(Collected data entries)

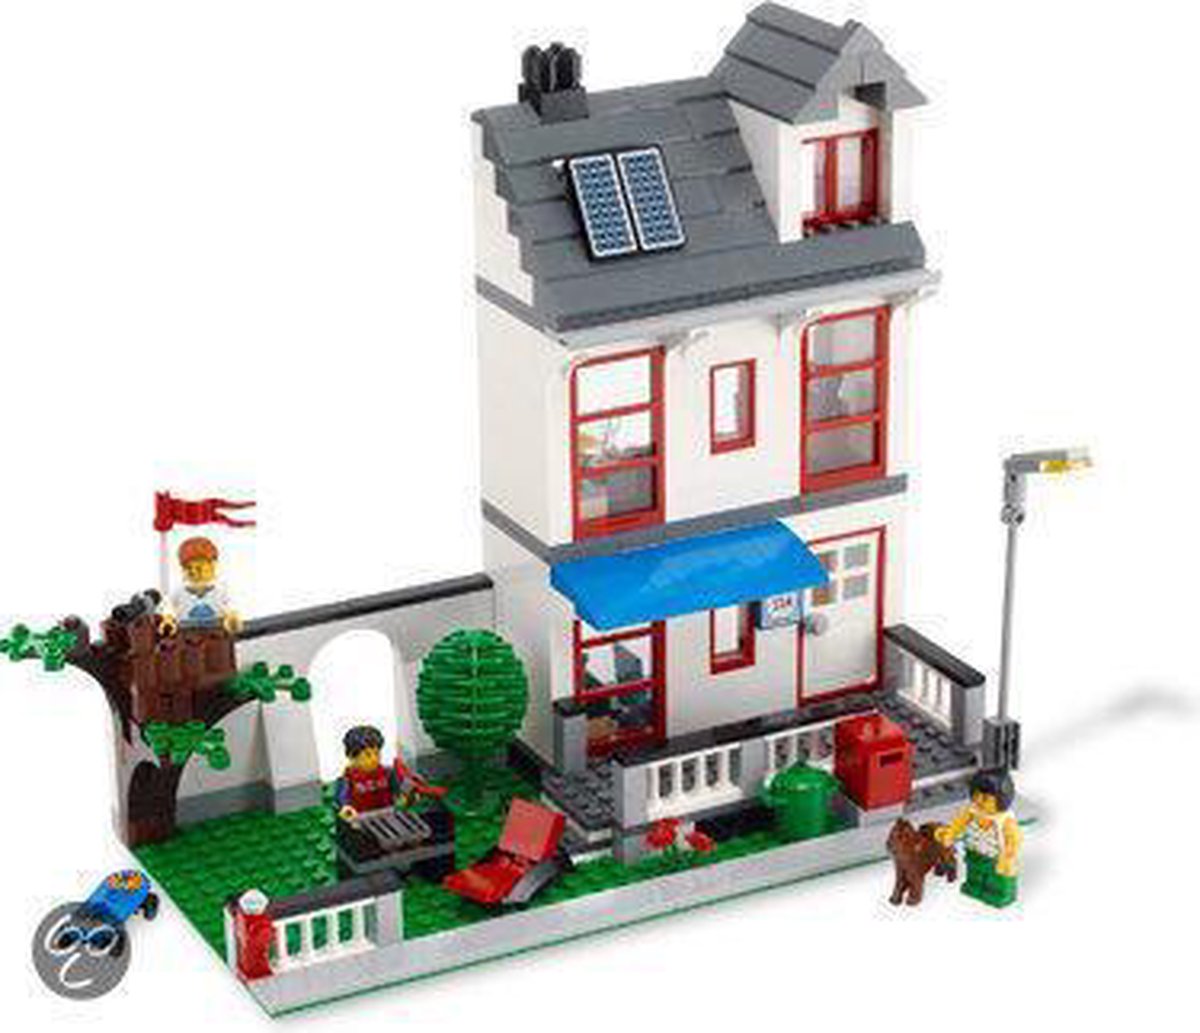 LEGO City Familiehuis - 8403 | bol.com
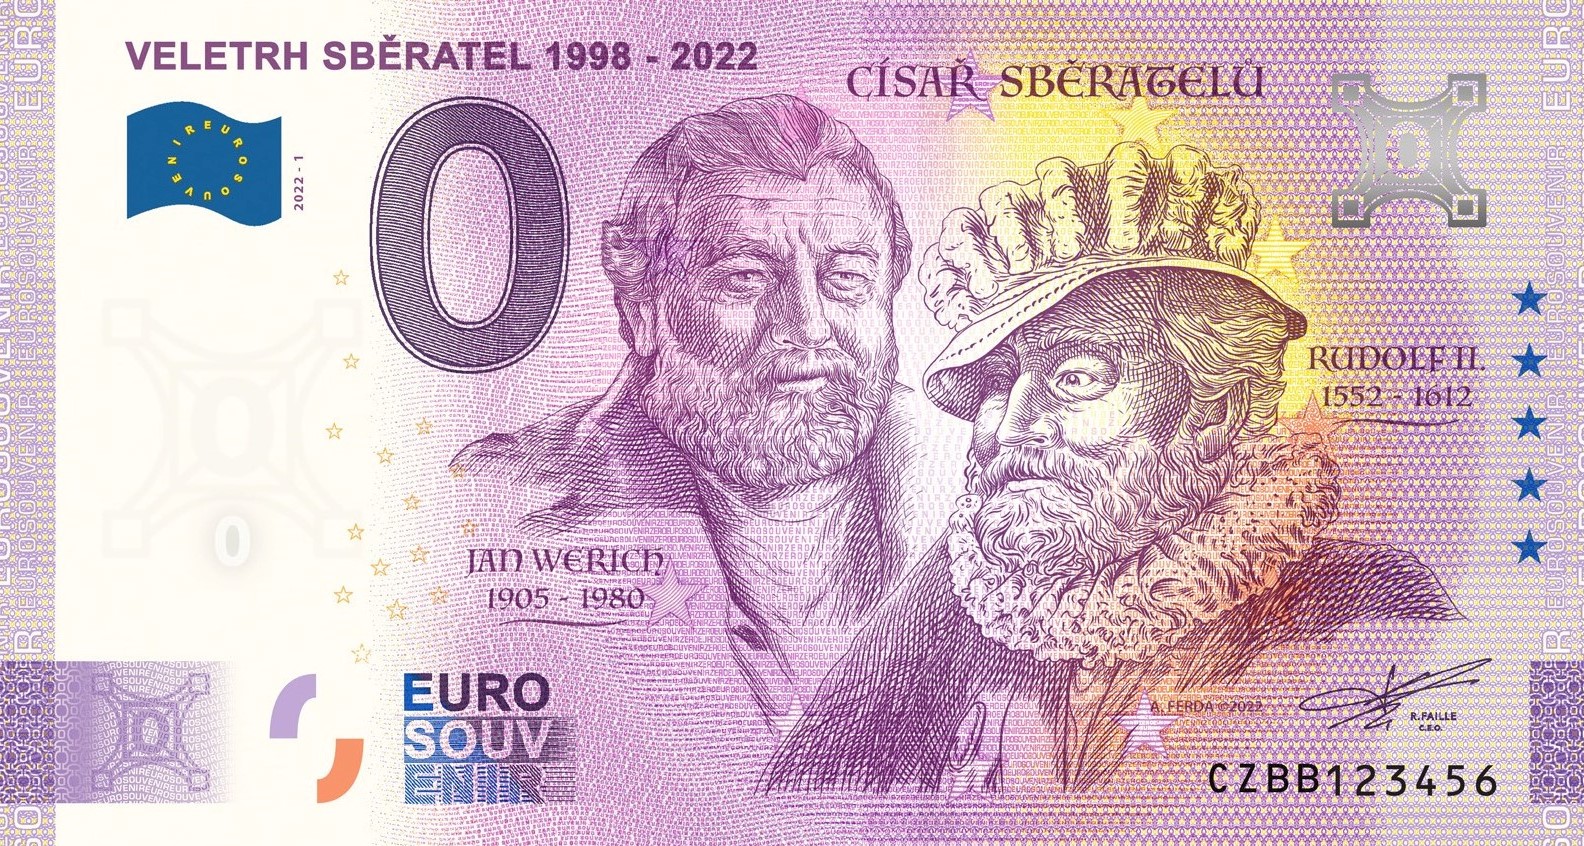 0 Euro Souvenir – VELETRH SBĚRATEL 1998 - 2022
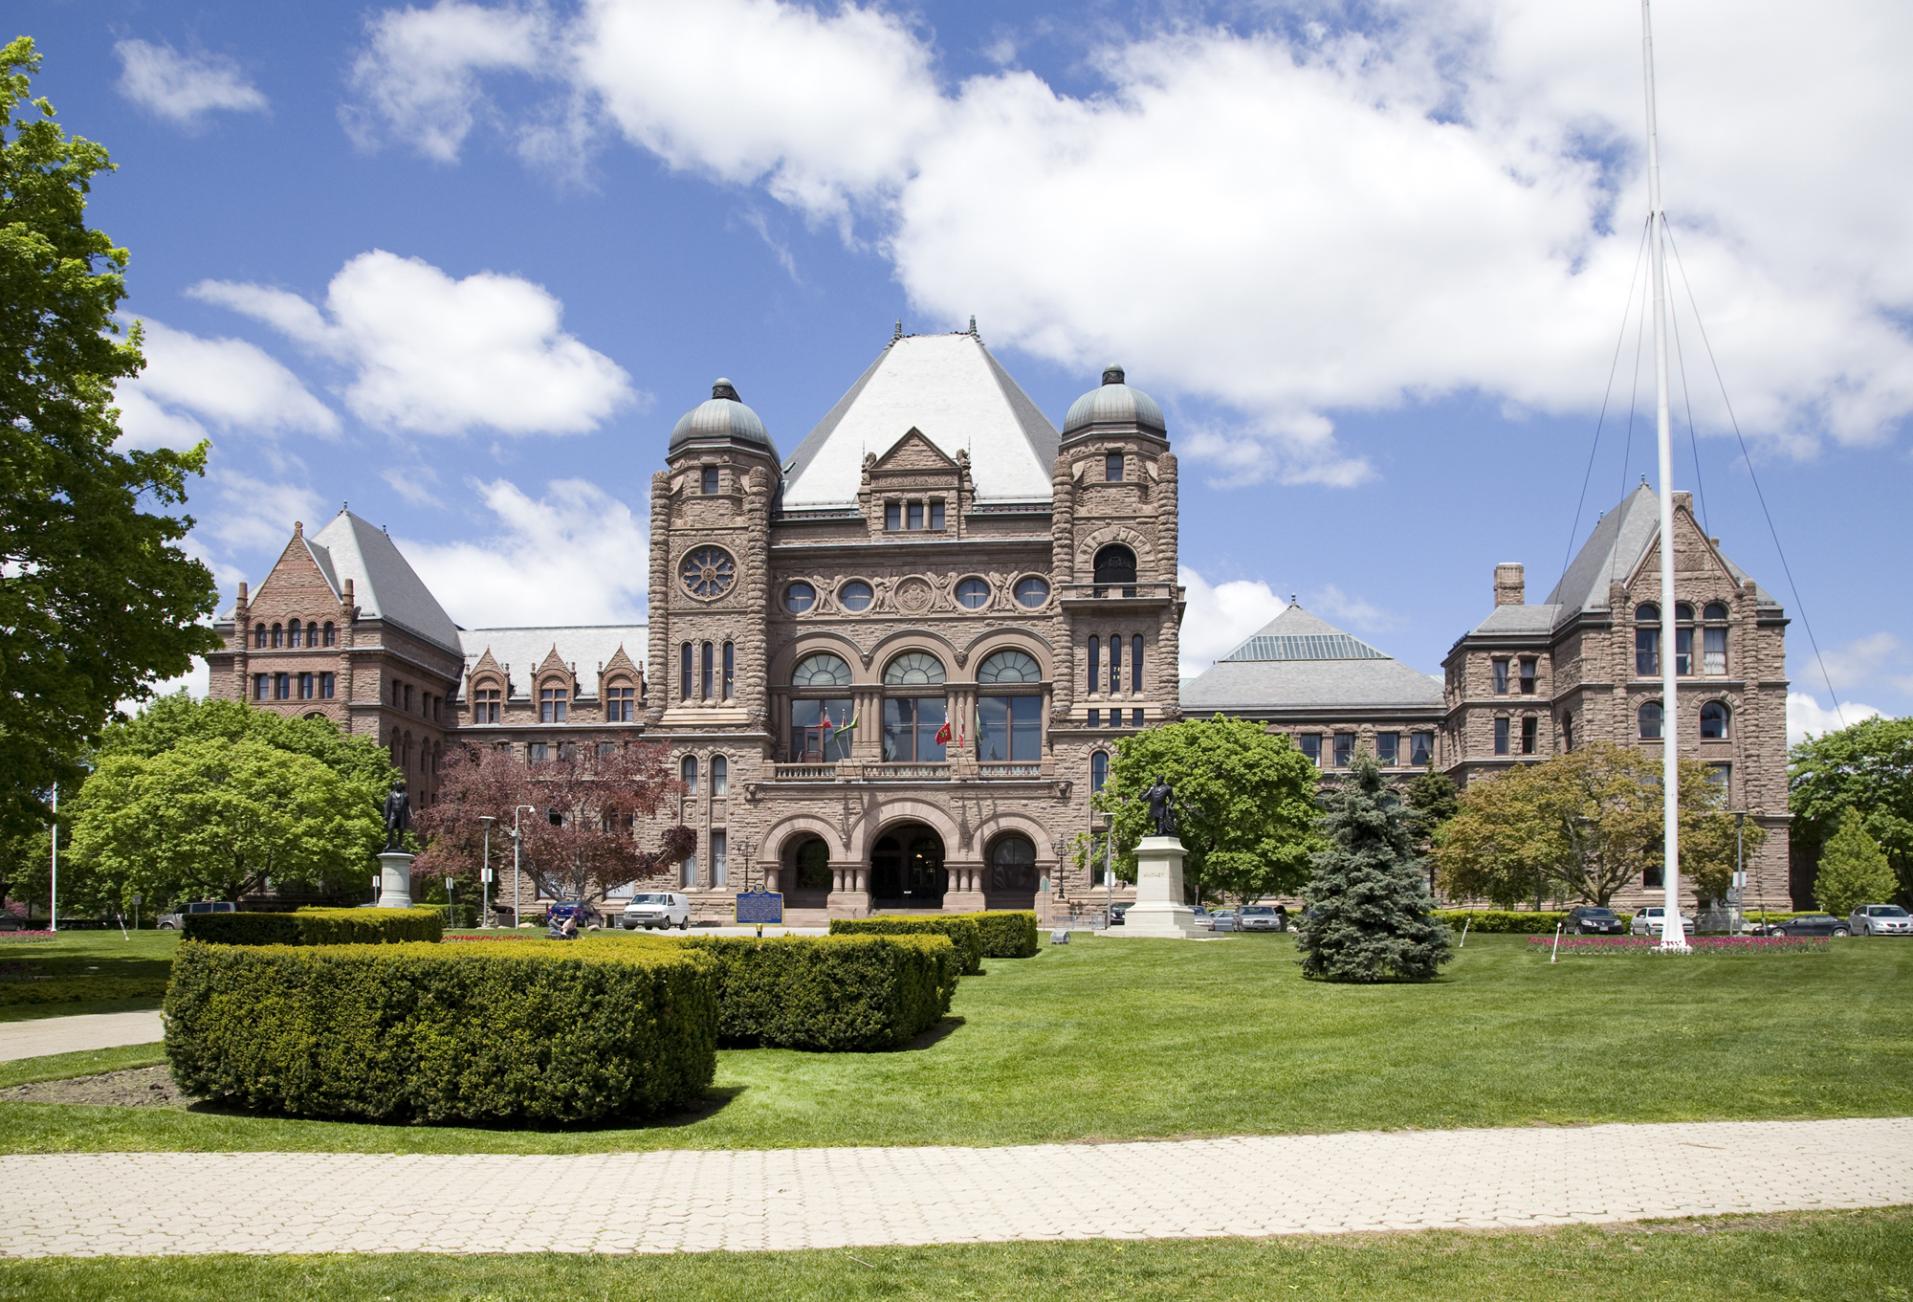 Legislative Building, Toronto, Ontario
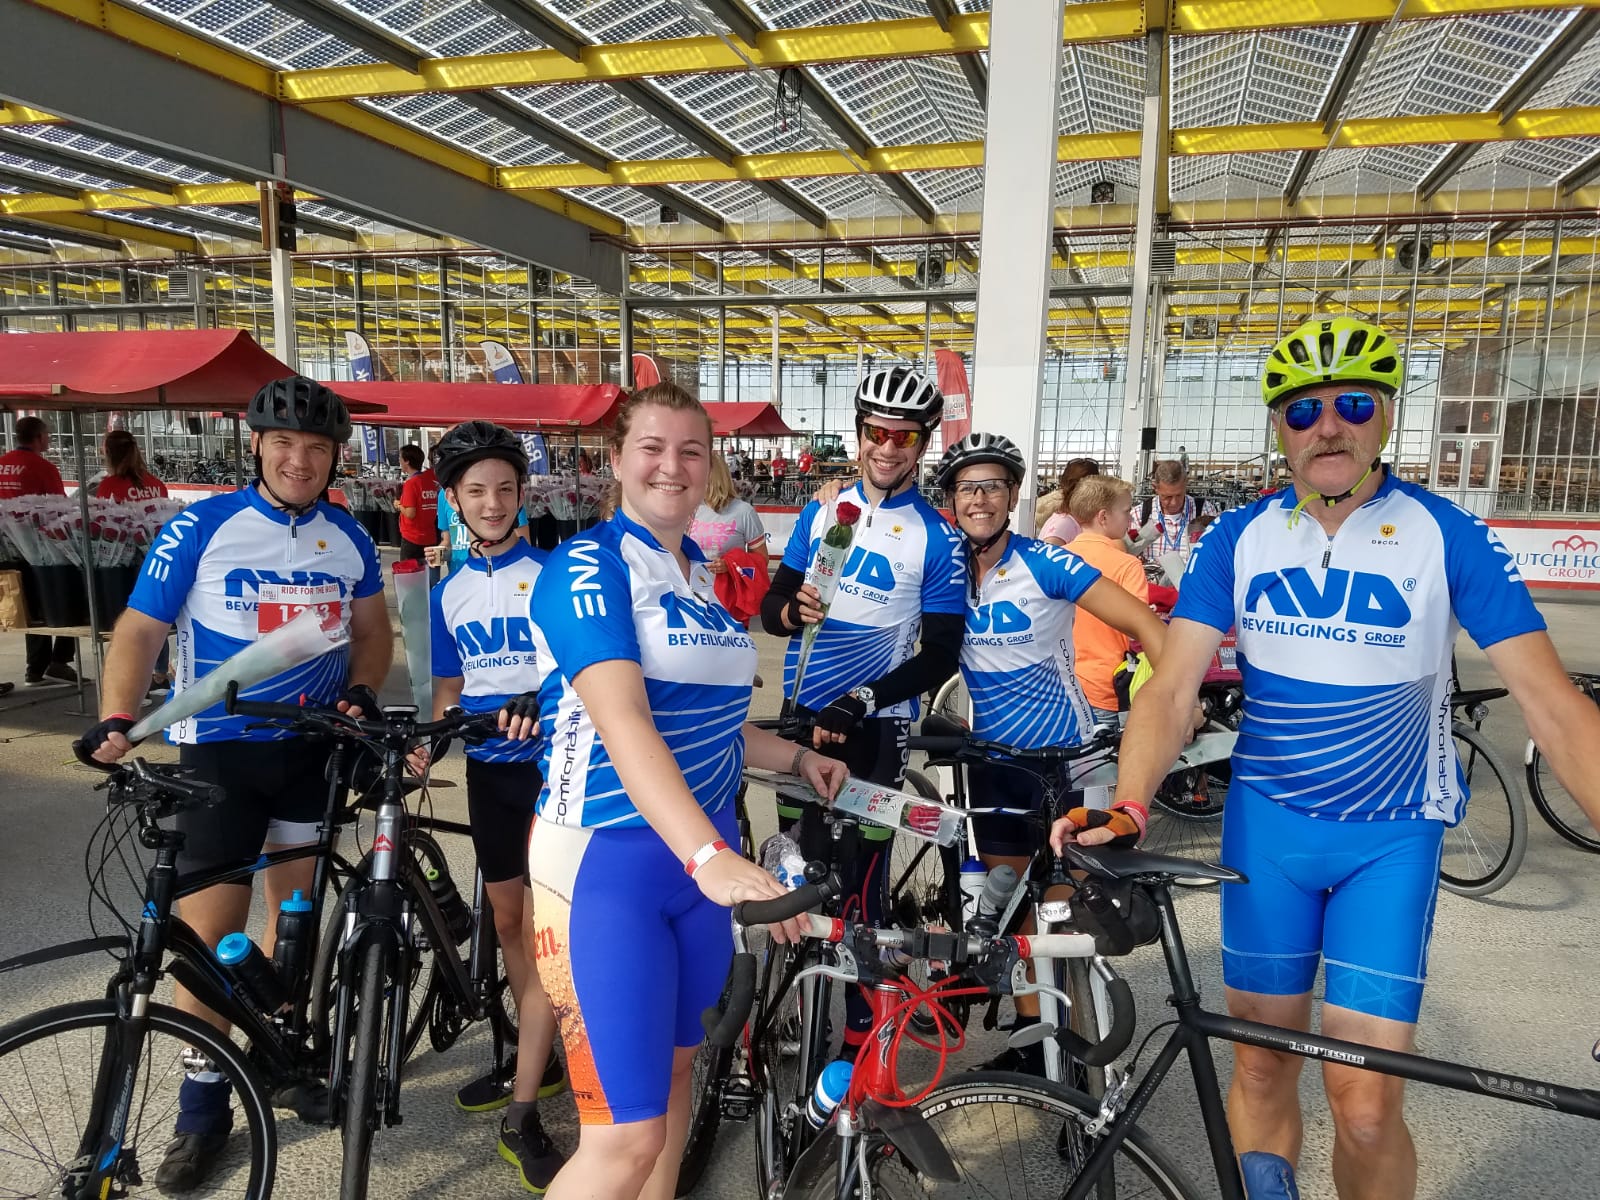 NVD fietsteam voor kanker onderzoek
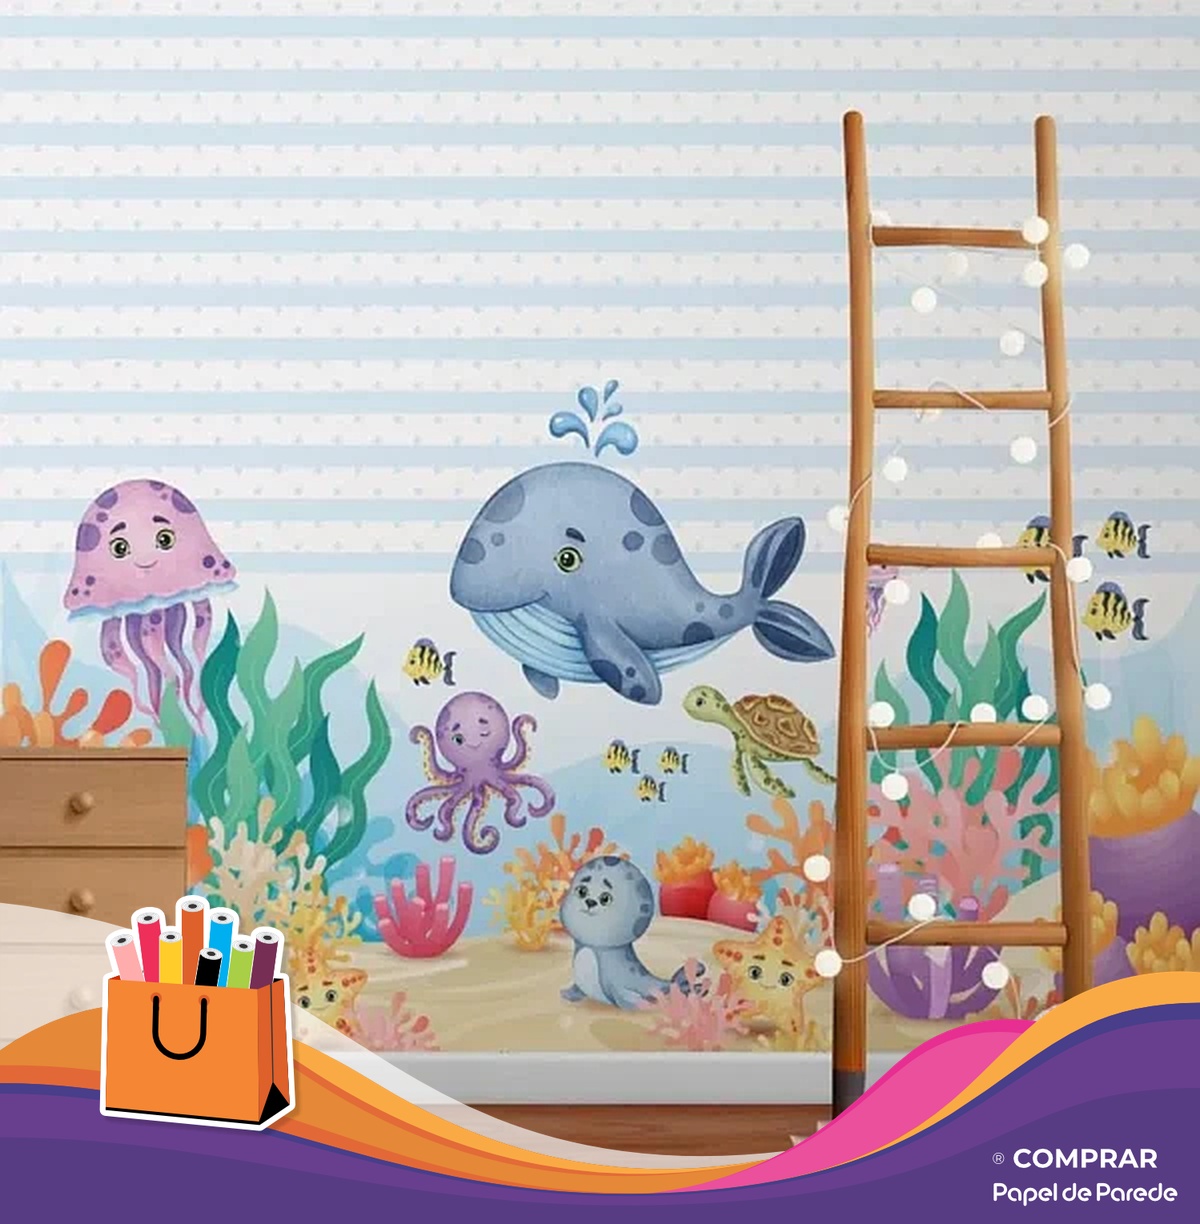 papel de parede fundo do mar infantil aquarelado comprar Papel de Parede Fundo do Mar Infantil Aquarelado bebe criancas comprar papel de parede 600x612

(What you should do) Reproduce every record above exactly, but leave out the pictures.

(Output below)
 LEGO City Familiehuis - 8403 | bol.com
 0 Euro Souvenir – VELETRH SBĚRATEL 1998 - 2022
 Legislative Building, Toronto, Ontario
 NVD fietsteam voor kanker onderzoek
 papel de parede fundo do mar infantil aquarelado comprar Papel de Parede Fundo do Mar Infantil Aquarelado bebe criancas comprar papel de parede 600x612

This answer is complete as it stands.